Kenya's opposition leaders call for constitutional reform Government refuses to consider changes

September 29, 1996|By NEW YORK TIMES NEWS SERVICE

NAIROBI, Kenya -- With an election looming next year, Kenya's opposition parties are unable to unite behind a single candidate or agree on an agenda with which to challenge President Daniel arap Moi, who has governed for 16 years.

Some opposition leaders say they have given up on beating Moi under the current election system and instead are calling for a new constitution. In recent weeks, they have joined with members of the clergy in calling for a constitutional convention, threatening demonstrations to press the government to accept reforms.

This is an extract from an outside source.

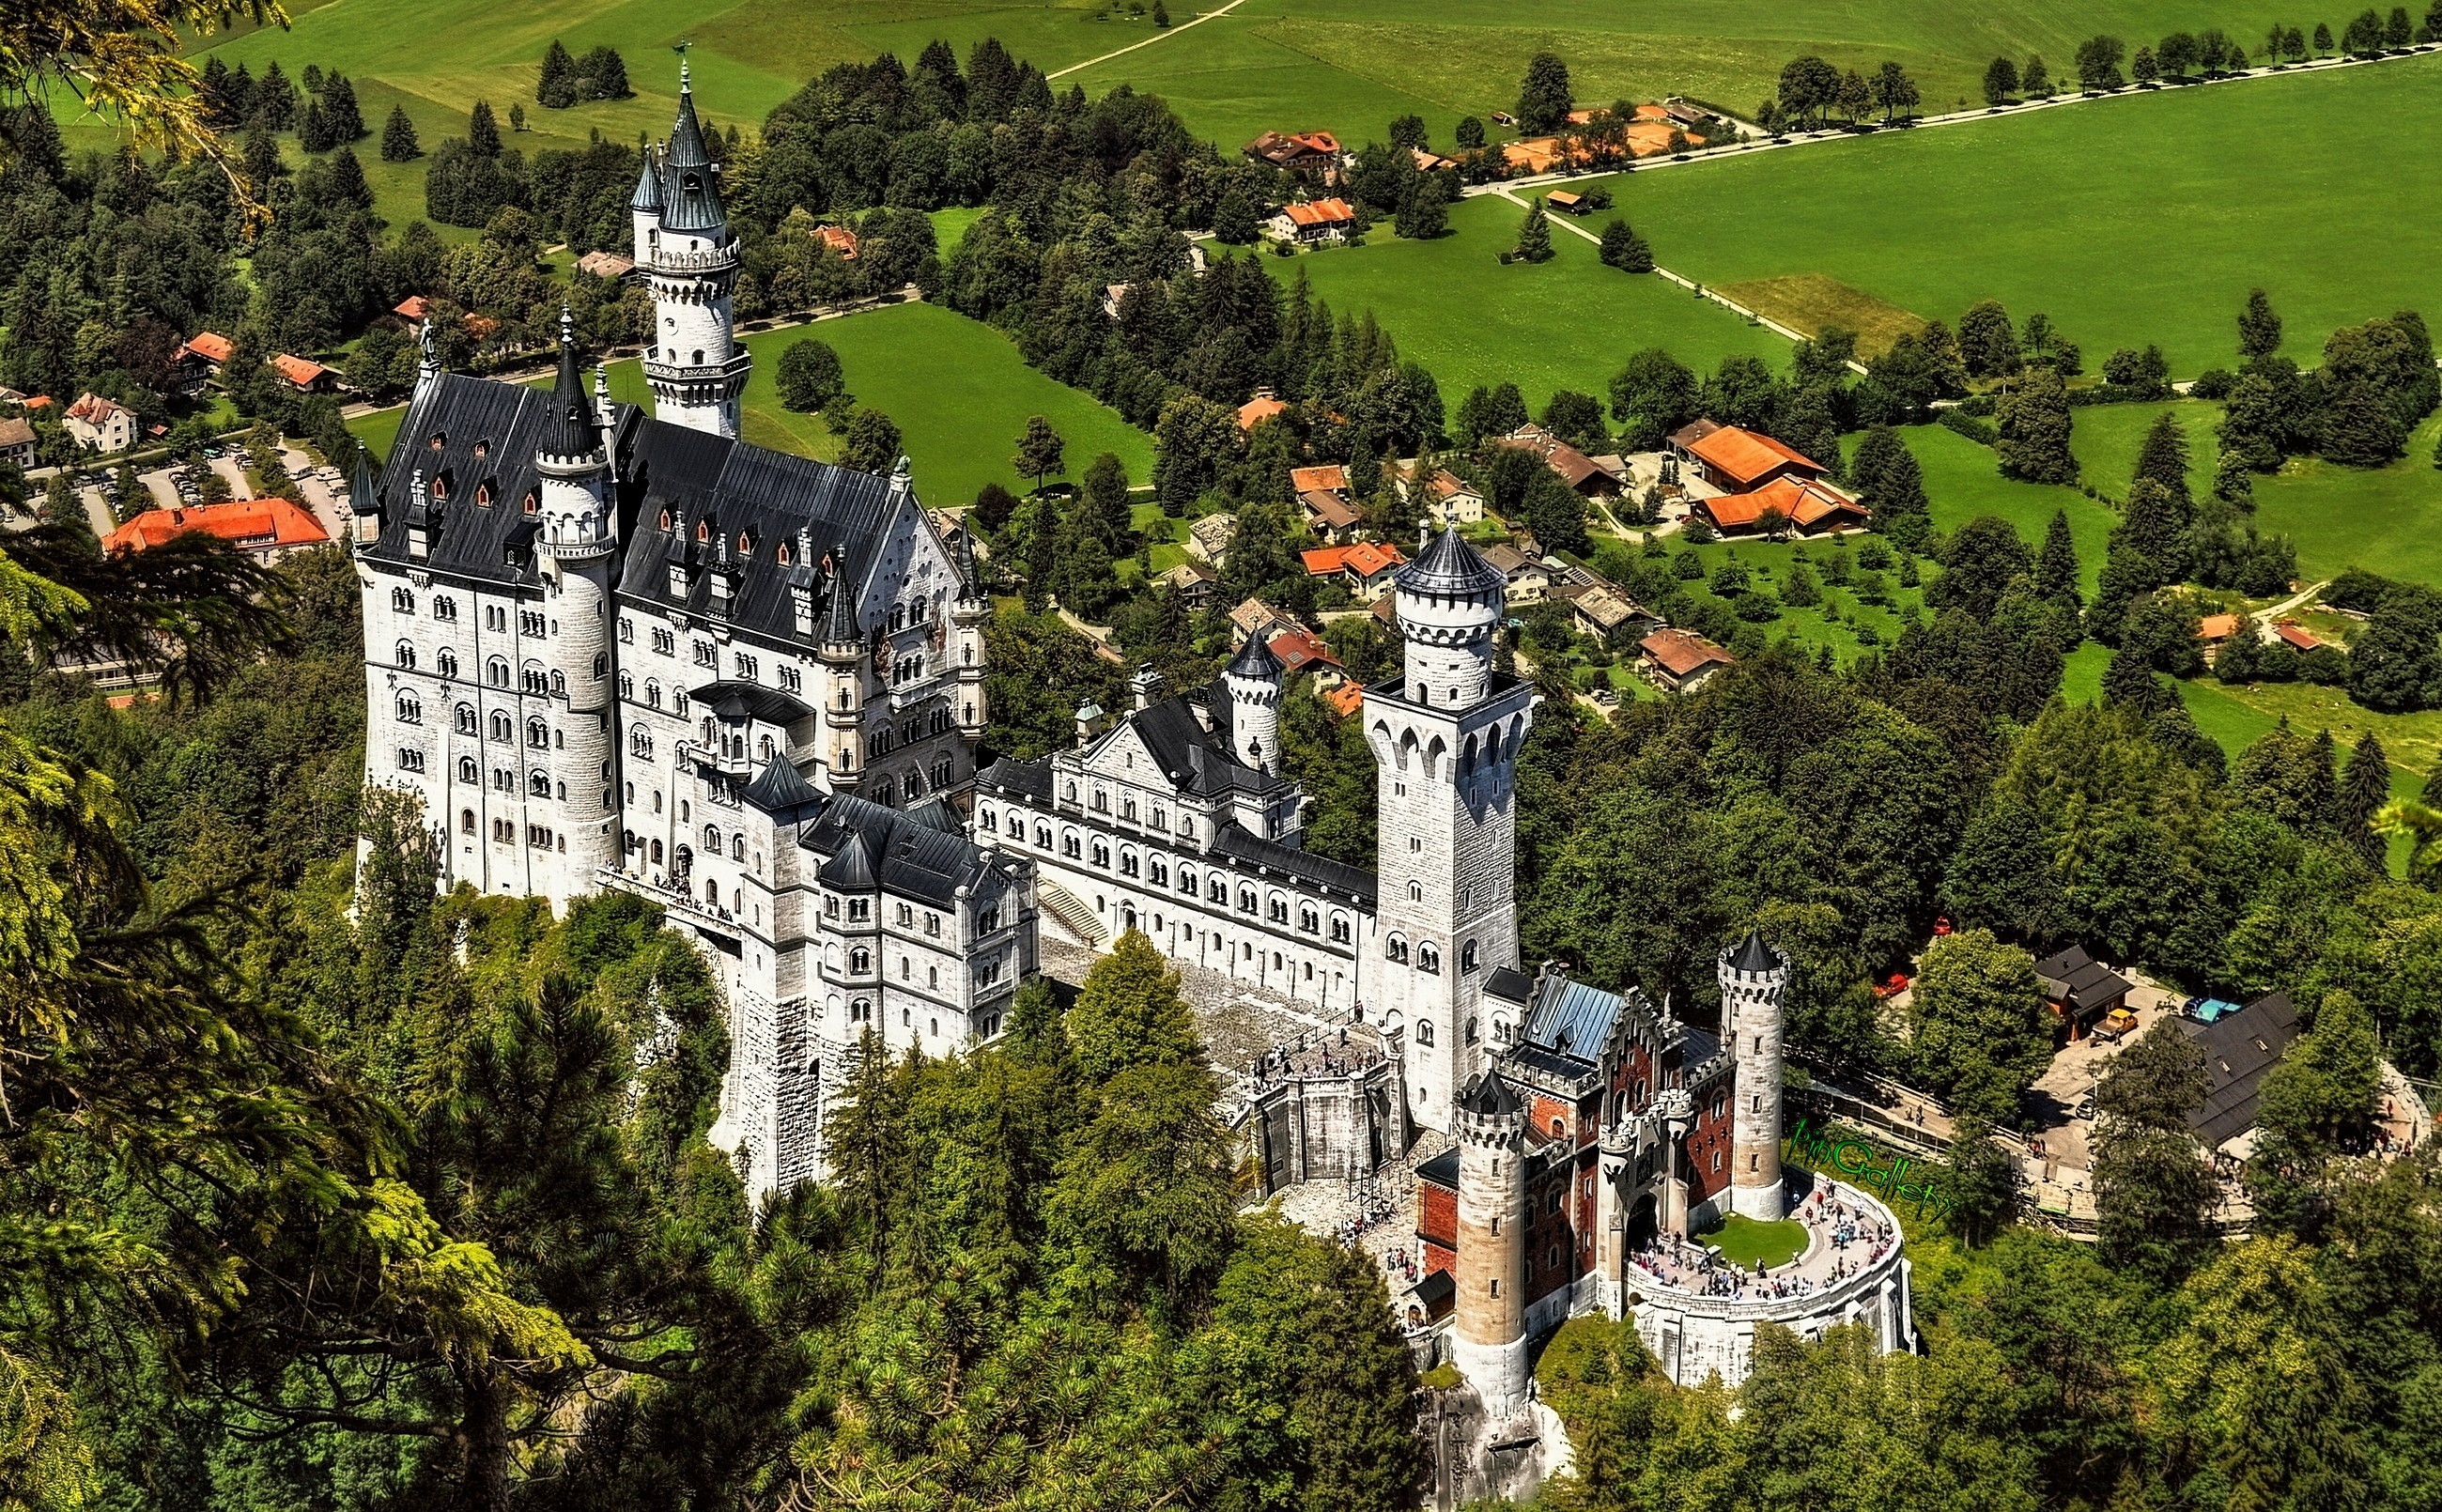 Нойшванштайн – самый сказочный замок из средневековья в германии и мире

But the governing party, the Kenya African National Union, has flatly refused to consider changing the election rules, much less replacing the constitution. Since few people expect any changes before Moi calls the election sometime in 1997, it looks as though the president will win easily, even if he pulls less than half of the vote, diplomats here say.

Critics say the opposition leaders are misjudging the voting public. Most people in the country care little about constitutional reforms. They are more concerned with unemployment, food shortages, bad roads and poorly run hospitals.

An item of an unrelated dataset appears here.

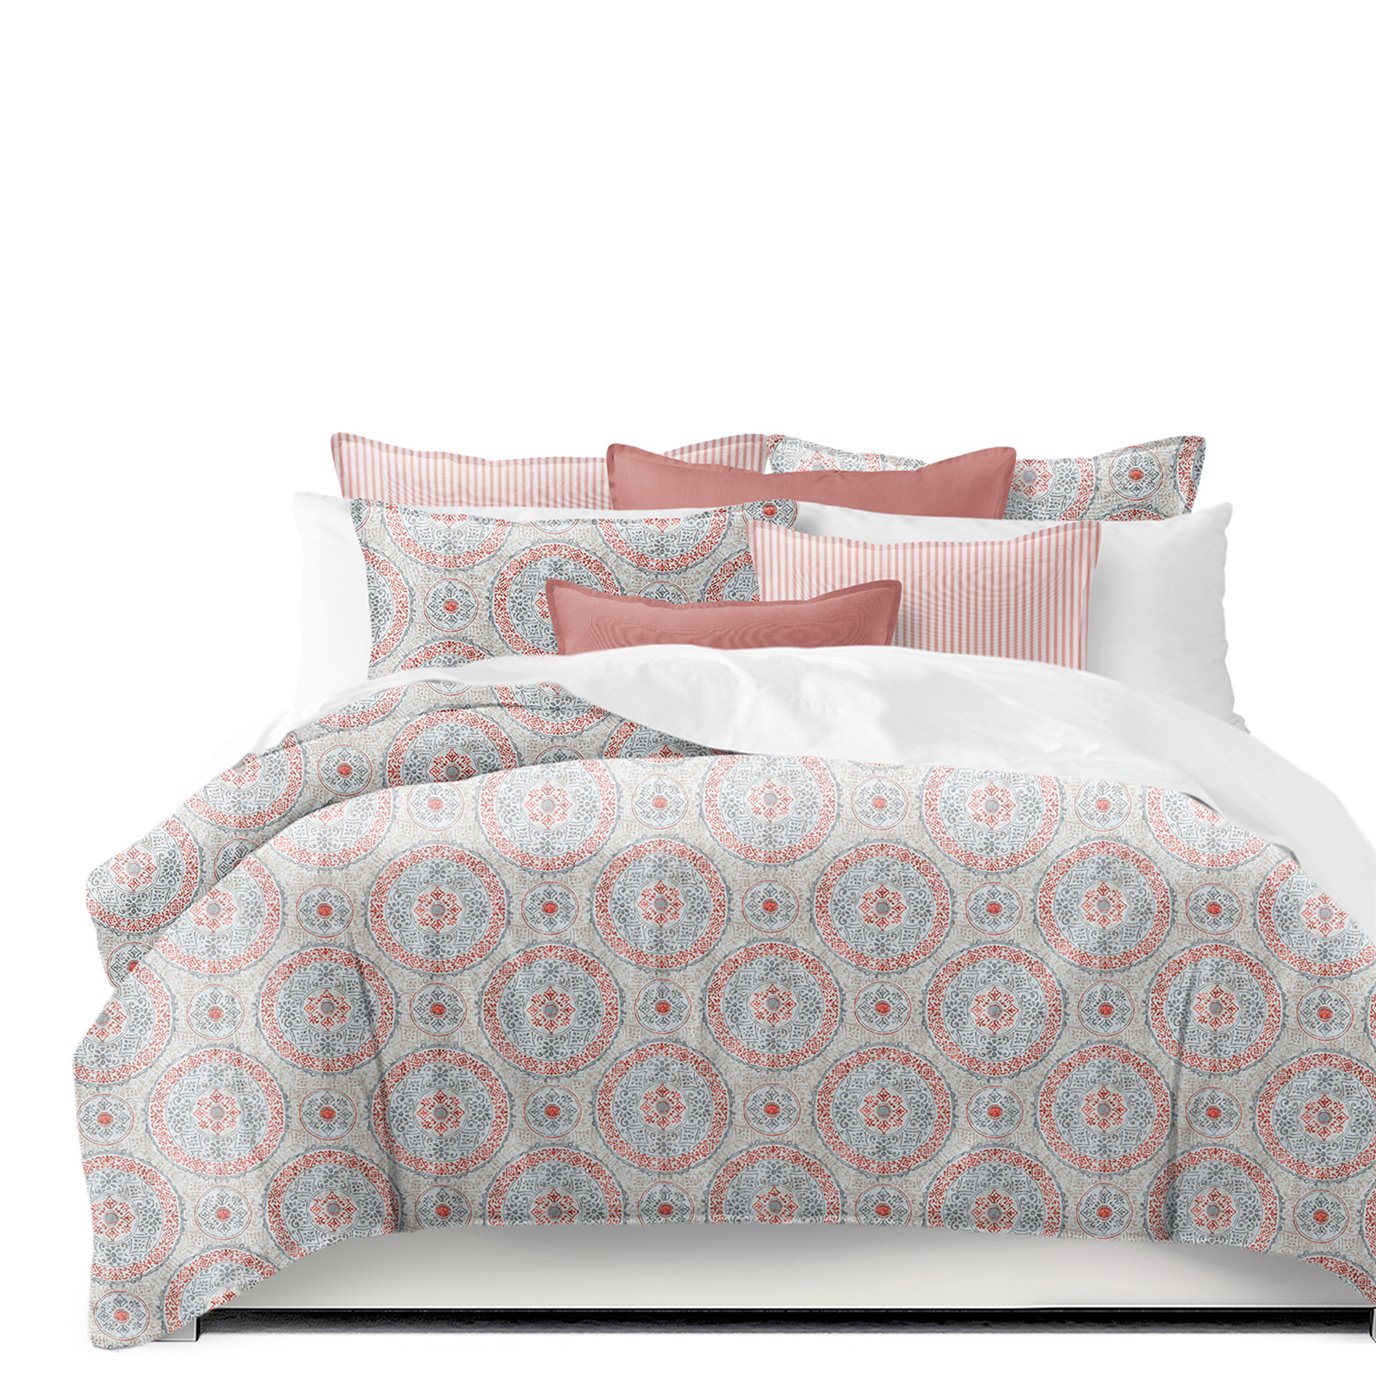 Zayla Coral Super King Comforter & 2 Shams Set

The deck, no doubt, is stacked heavily in Moi's favor. To begin with, the constitution requires a president to get at least a quarter of the vote in five of the country's eight districts. This has diminished the power of heavily populated regions where Moi enjoys less support, which would have a better chance of electing an opponent in a simple popular vote.

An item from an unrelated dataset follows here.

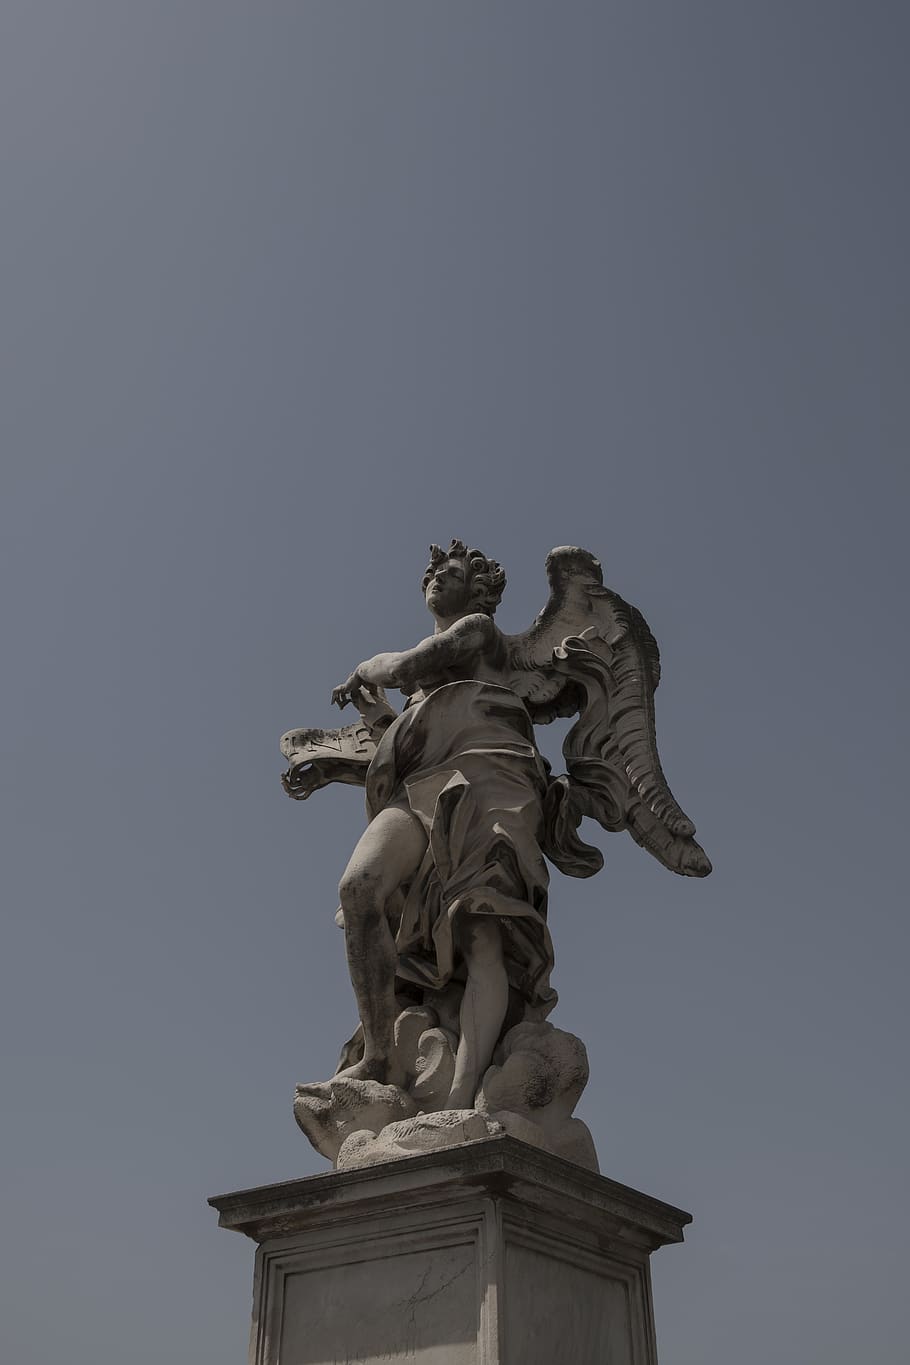 italy, rome, p.za pia/castel s. angelo, blue, sky, dramatic

Moi's party also controls all the television and radio stations in a country where few people outside the capital read newspapers. Moreover, Moi enjoys an enormous financial advantage over opposition groups because he can tap state resources for his campaign.

Local administrators and police chiefs in Kenya are all governing party members who owe their livelihoods to patronage, opposition leaders say. They have been known to use archaic public-order laws to harass opposition politicians and keep them from holding rallies, especially in rural areas, where the majority of people live.

"How can the elections be said to be free and fair if the opposition can't reach the masses in the countryside?" asked Paul Muite, an opposition member of Parliament.

Beyond these advantages, Moi has resorted to some cruder political maneuvers. For 15 months, his government has refused to register a new opposition party, Safina, led by Richard Leakey, an anthropologist. The police have broken up Safina meetings and assaulted members.

Moi has also insisted on issuing new identity cards to every citizen before next year and has said the old cards will not be honored at the polls. So far, most of the new cards have been issued to people in his political strongholds.